### WORK TO COMPLETE
Leave the pictures out and quote only the lines from the one with "tutor helping senior woman in computer class" down to the end of the listing below.

### EXERCISE DATA
○ ○ ○
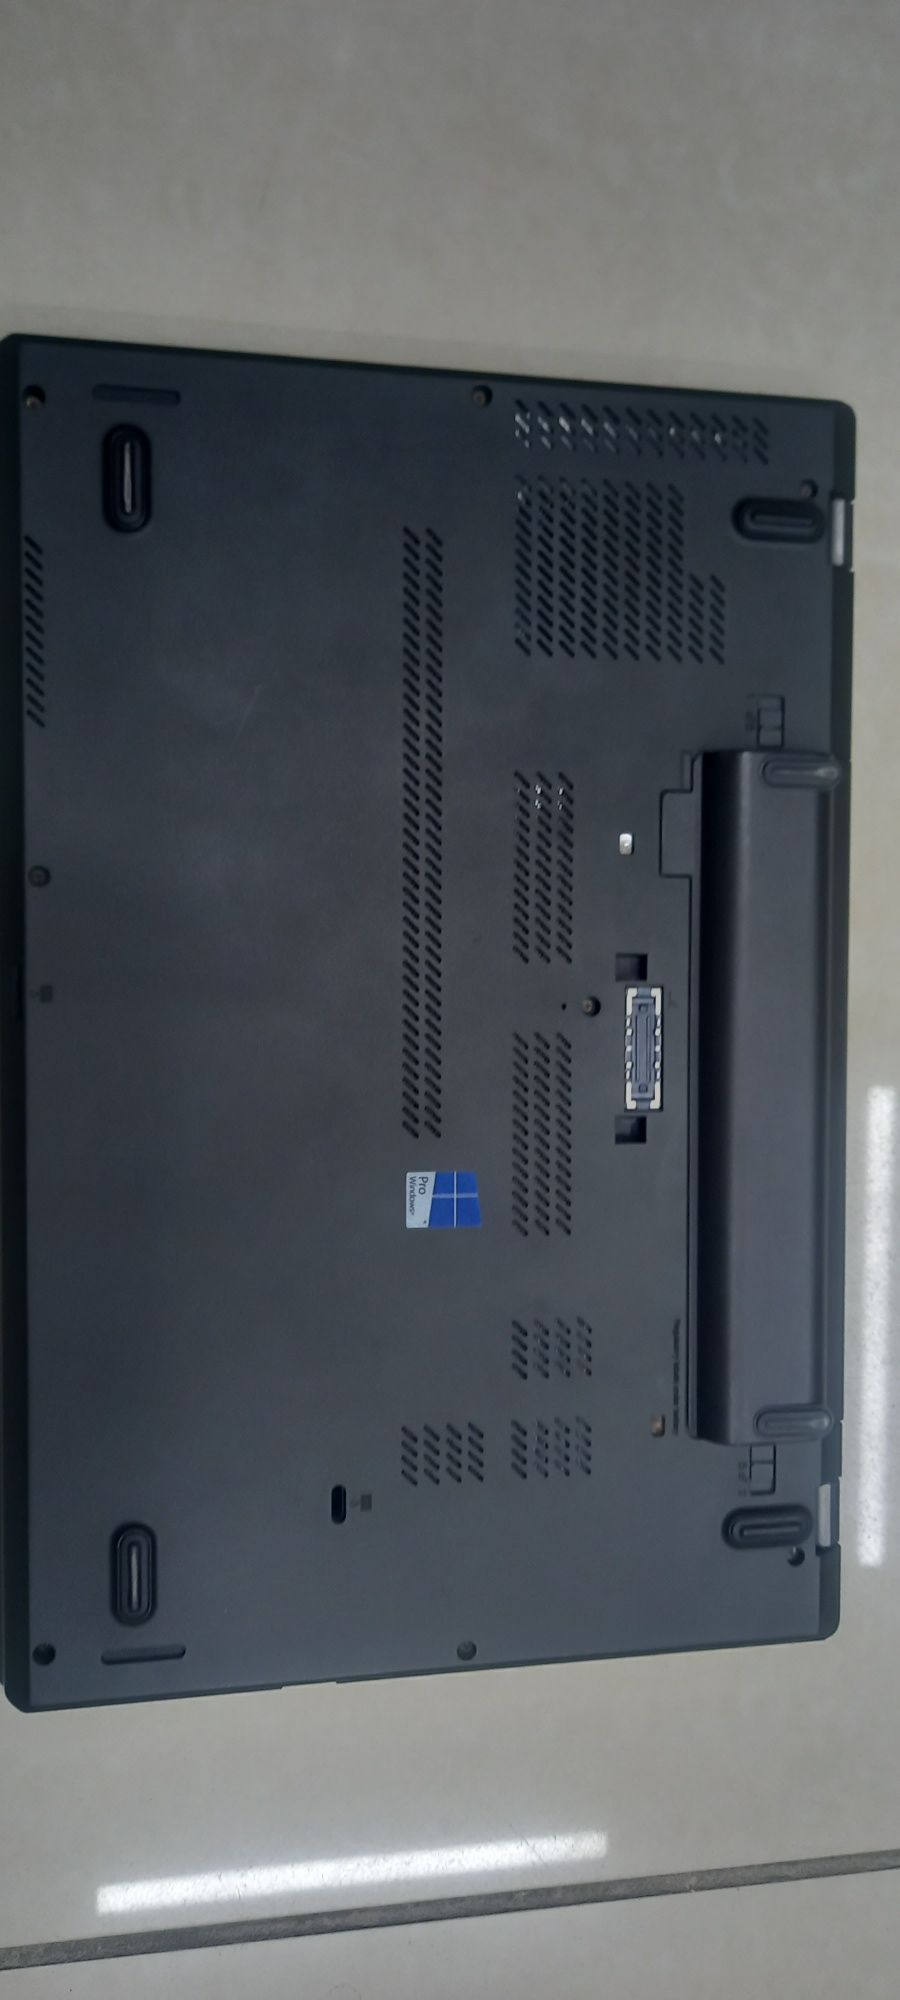 Ноутбук Lenovo ThinkPad P50s

DualCore Intel Core i7-6500U, 3100 MHz (
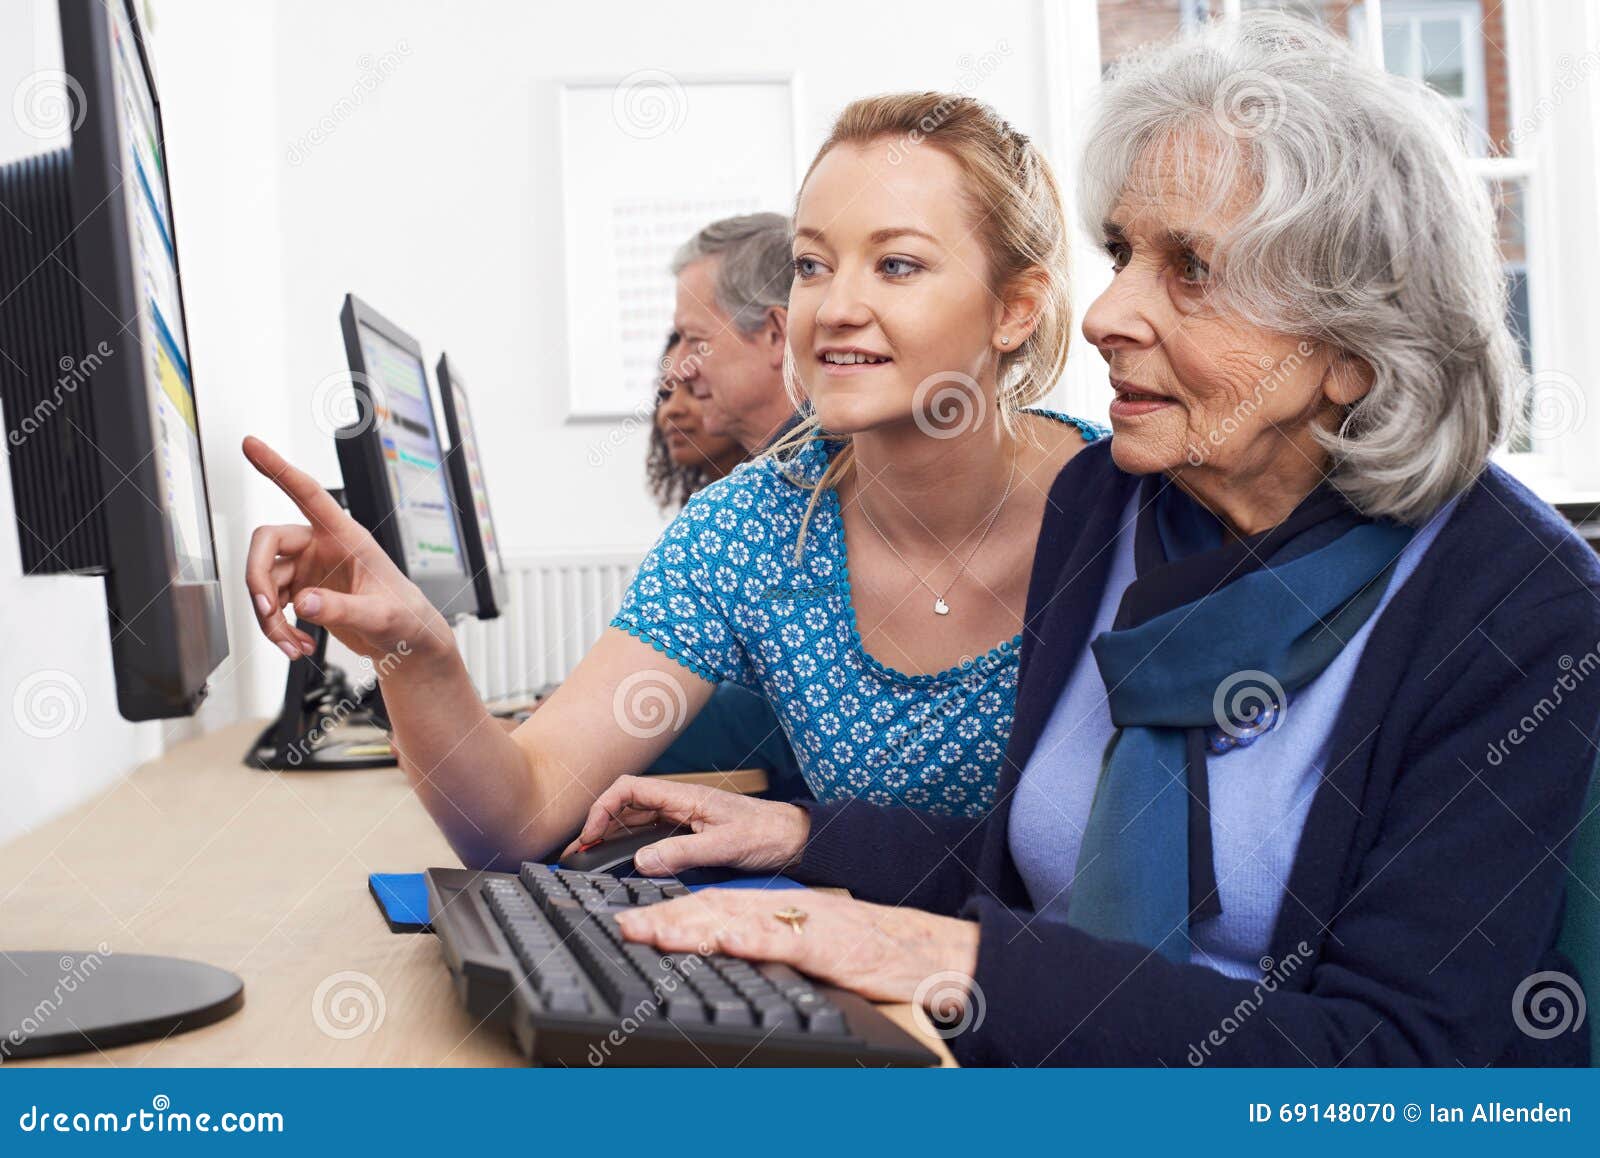 tutor helping senior woman in computer class
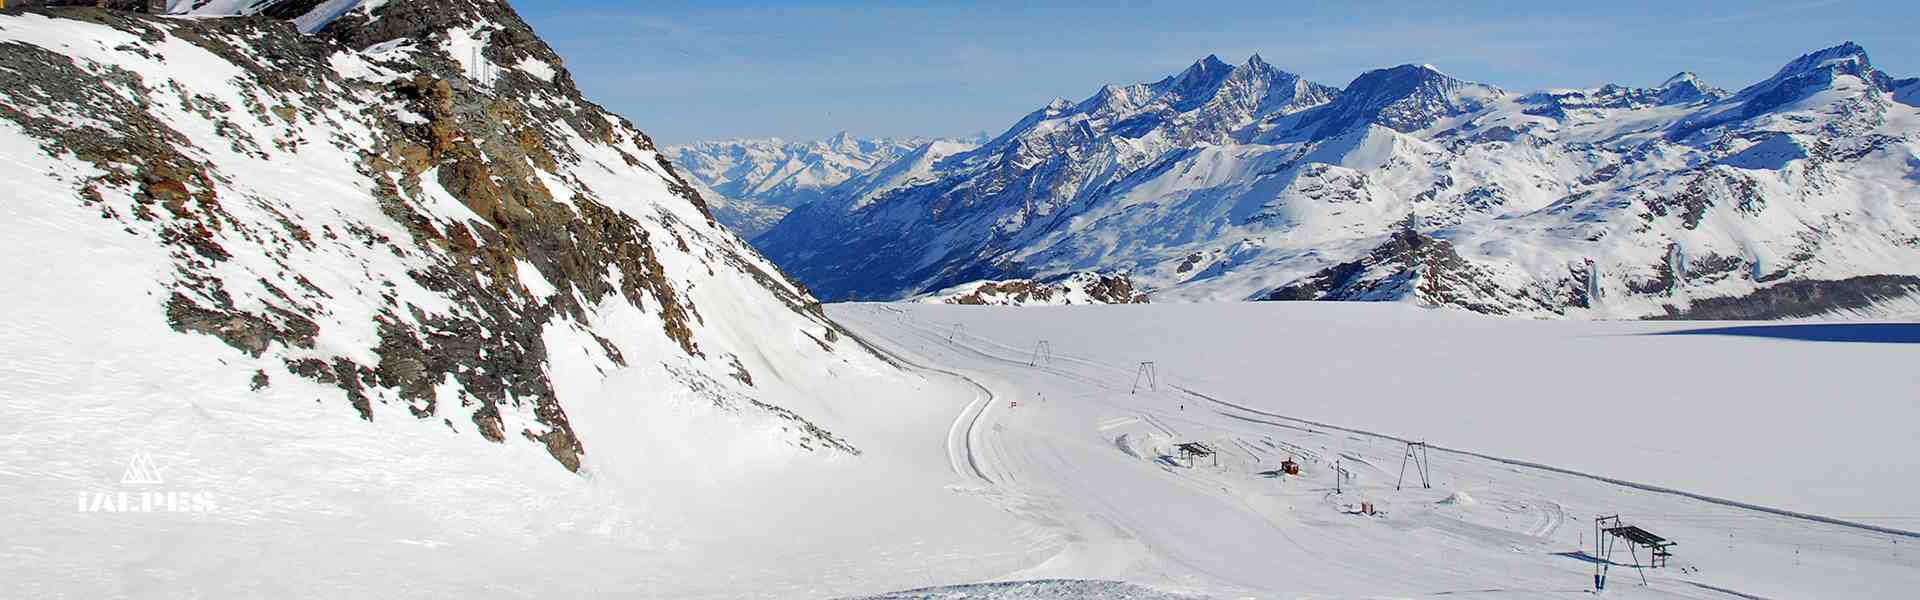 Station Zermatt Matterhorn Ski Paradise
○ ○ ○
### RESULT OF THIS TASK
 tutor helping senior woman in computer class
 Station Zermatt Matterhorn Ski Paradise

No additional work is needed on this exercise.